0

I am trying to figure out how Thread.sleep works, so I create the following piece of code:

 public static void main() {

        Runnable runnable = new Runnable() {
            public void run() {
                try {
                    Thread.sleep(1000);
                    System.out.println("Middle");
                } catch (InterruptedException e) {
                }
            }
        };

        System.out.println("Before");
        Thread t2 = new Thread(runnable);
        t2.start();
        System.out.println("After");

However, it only prints Before and After in the console and skips the Middle.

So I am wondering whether this Thread.sleep will break the Runnable part??

Skydidi
  • 21
  • 2
  • 2
    What do you mean "skips the `Middle`"? Your code should print out "Before", then "After", and then after one second it should print out "Middle". – Slaw Jul 25 '21 at 15:03
  • Cannot reproduce. Output is exactly what Slaw said. – luk2302 Jul 25 '21 at 15:07
  • Thanks, guys, I got the point, the Junit kill the process before the thread t2 end – Skydidi Jul 25 '21 at 15:17
  • 2
    For future reference, please make sure you provide a [mre] that demonstrates the problem. There is no reference to JUnit in your code or question and, as you've already discovered, that potentially changes things. – Slaw Jul 25 '21 at 15:23

2 Answers2

2

On my machine output of your code is:

Before
After
Middle

If you want to print Middle before After you need to add t2.join() method call right after t2.start().
Join method explanation.

vszholobov
  • 2,133
  • 1
  • 8
  • 23
  • Thanks vszholobov, I just realised the sleep is not blocking the process, but release the resource to other thread – Skydidi Jul 25 '21 at 15:18
-1

Use join () to make your main thread wait till your thread (t2) execution finishes.

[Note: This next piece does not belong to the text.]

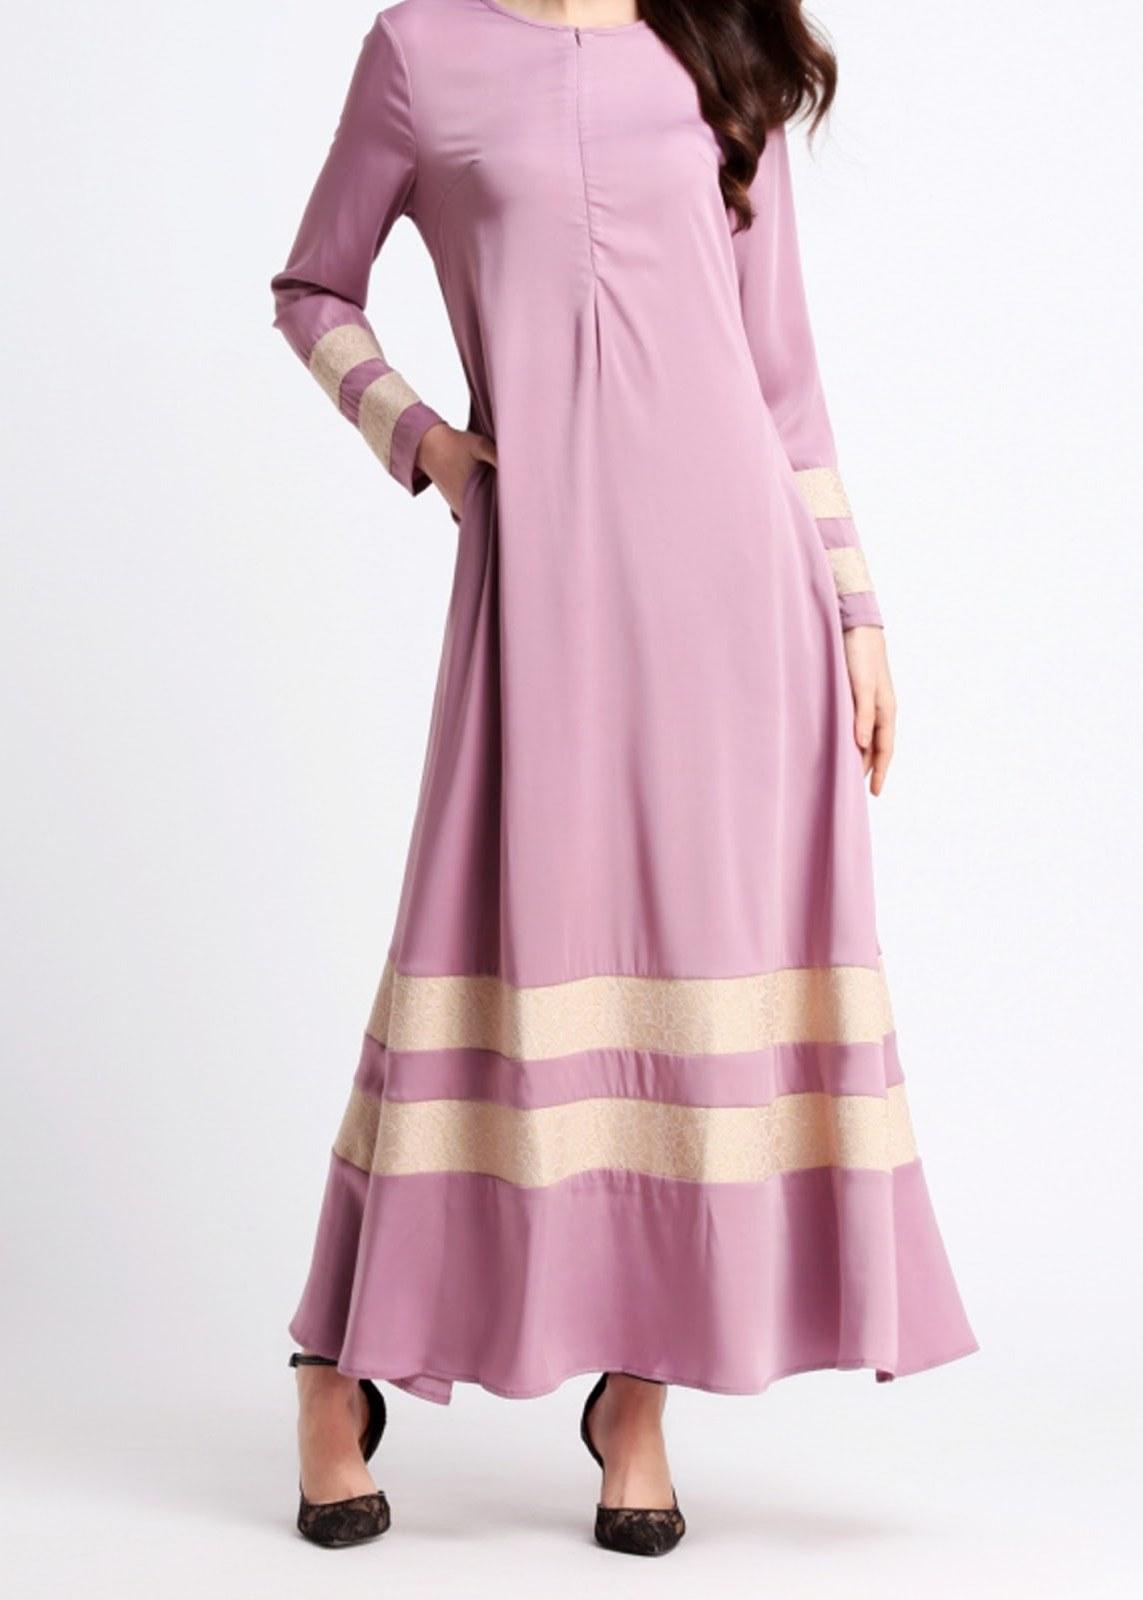 Ide Jual Baju Pengantin Muslimah Syar'i Budm norzi Beautilicious House Nbh0491 Insyikah Jubah Nursing
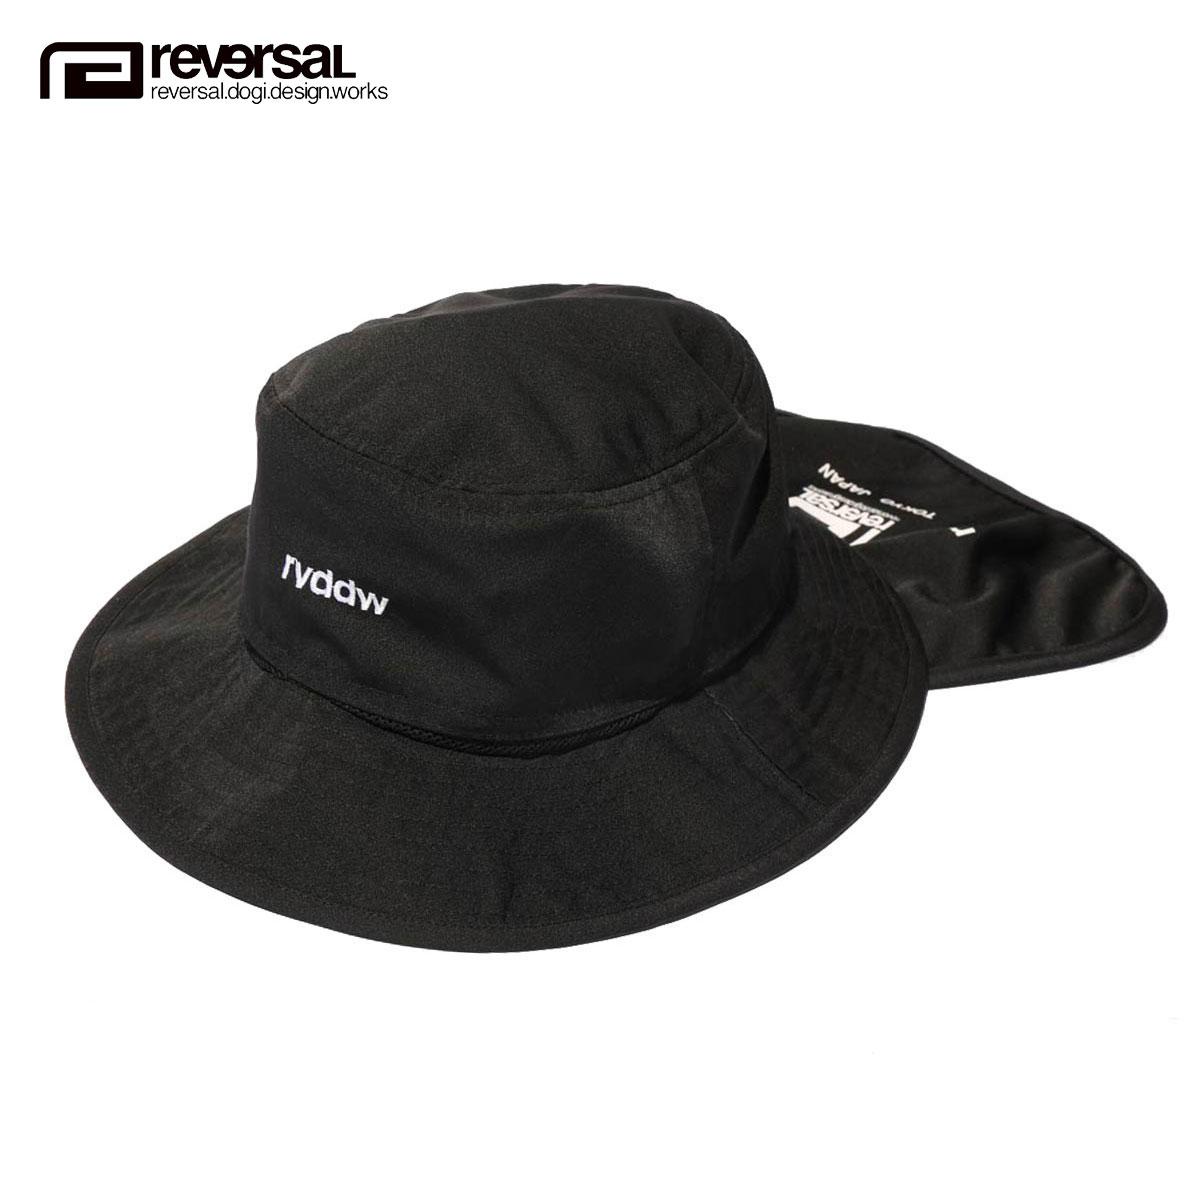 購入時にもらえるクーポン配布中 あす楽対応 送料無料 A06B B3C C3D D4E E13F リバーサル ハット メンズ SEAL限定商品 レディース 正規販売店 帽子 SUN SHADE サファリハット BLACK SAFARI スーパーセール rvddw REVERSAL HAT rv20ss701

    public static void main(String[] args) throws InterruptedException {
    Runnable runnable = new Runnable() {
        public void run() {
            try {
                Thread.sleep(1000);
                System.out.println("Middle");
            } catch (InterruptedException e) {
            }
        }
    };

    System.out.println("Before");
    Thread t2 = new Thread(runnable);
    t2.start();
    t2.join();
    System.out.println("After");

Output: Before Middle After

Refer to this post to know about join() : What does this thread join code mean?

Refer to this post to know about the main thread: When does the main thread stop in Java?